The History of Democracy in America

democracy in america

The history of democracy in America traces the development of modern politics from Celtic, Roman, and Teutonic ideas. In the middle of the nineteenth century, the Industrial Revolution was taking place across Europe, Asia, and America, decimating imperial privileges and ways of life. Franklin frequently spoke of the necessity of political adjustment. The evolution of American democracy has been a tumultuous one. But there are many reasons to be hopeful.

Alexis de Tocqueville’s Democracy in America was written after a visit to the United States in 1831. While there, he was fascinated by the growing diversity of American society. In 1832, the country was undergoing rapid transformation. Manifest destiny was physically expanding the country from sea to shining sea. Among the most significant changes were suffrage for most white males over twenty-one.

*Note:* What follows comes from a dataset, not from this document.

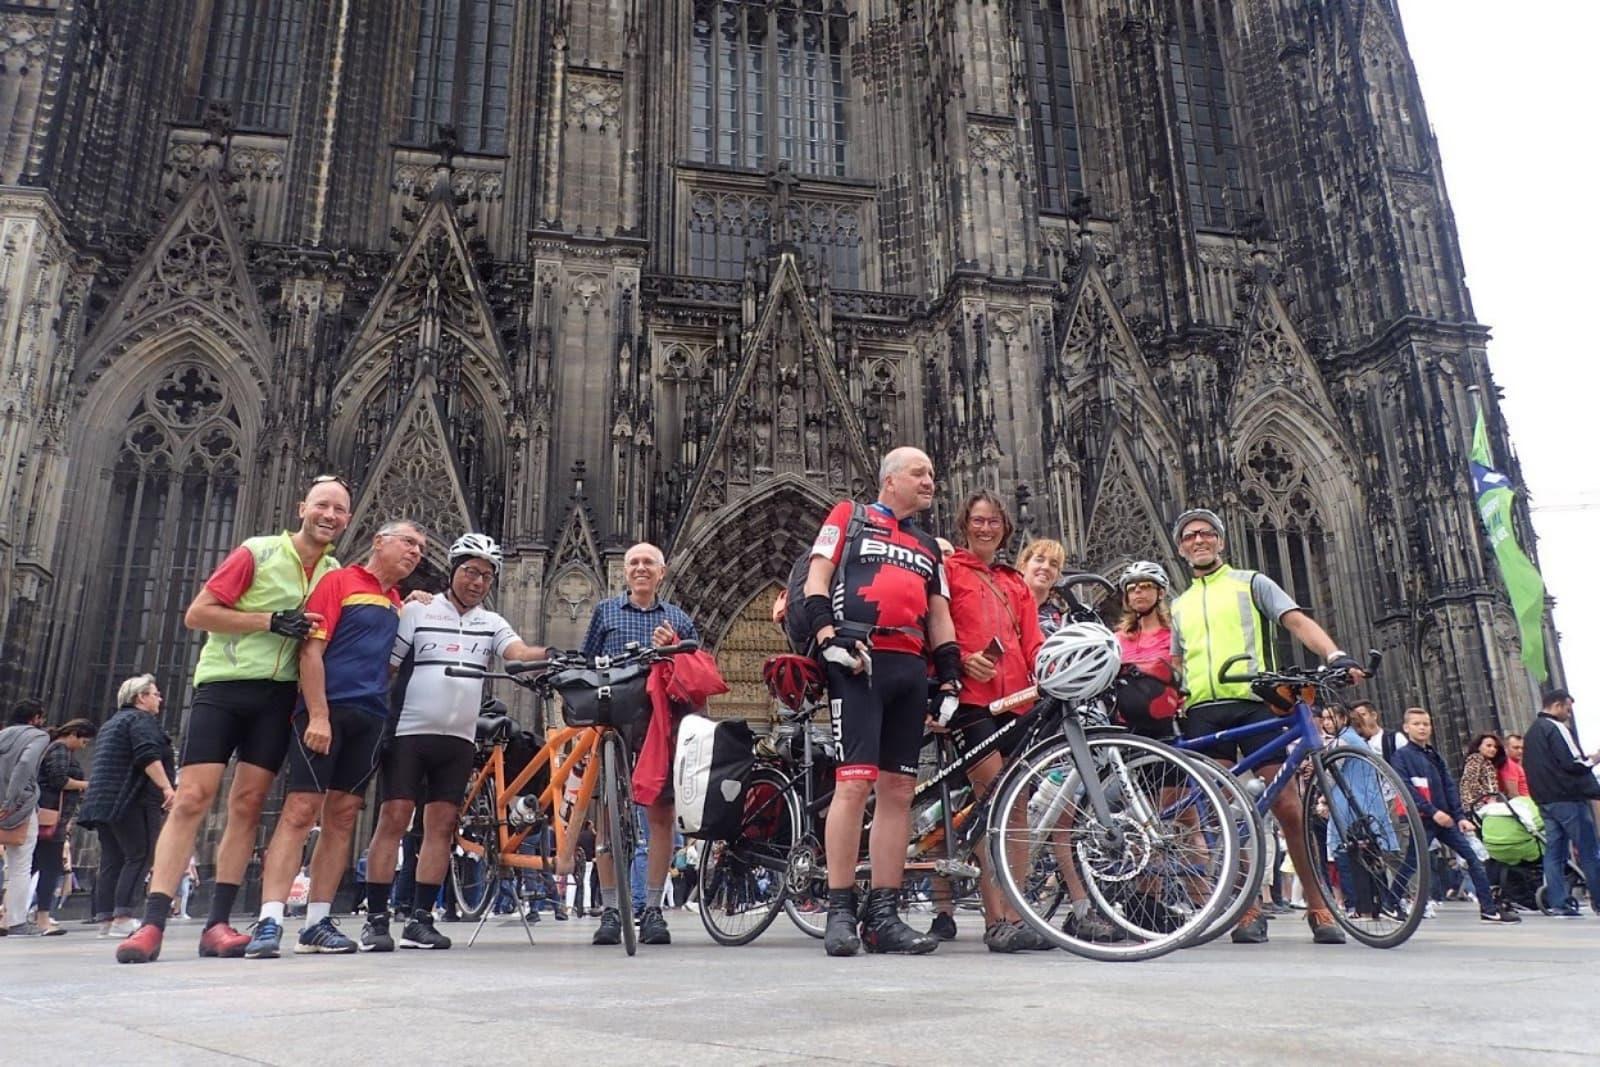 Devant la cathédrale de Cologne

Meanwhile, industrialization was taking place, transforming America from an agrarian society to a capitalist one and aggravating sectional tensions.

Ultimately, Tocqueville’s Democracy in America taught us about the value of democracy and pluralism. It induced a sense of responsibility and encouraged citizens to be more wary of ‘natural’ power. By fostering a sense of suspicion, democratic societies encourage a sense of distrust toward authority and power. The result is a Gestalt shift in perception. Ultimately, the new American democracy aims to spread this enthusiasm.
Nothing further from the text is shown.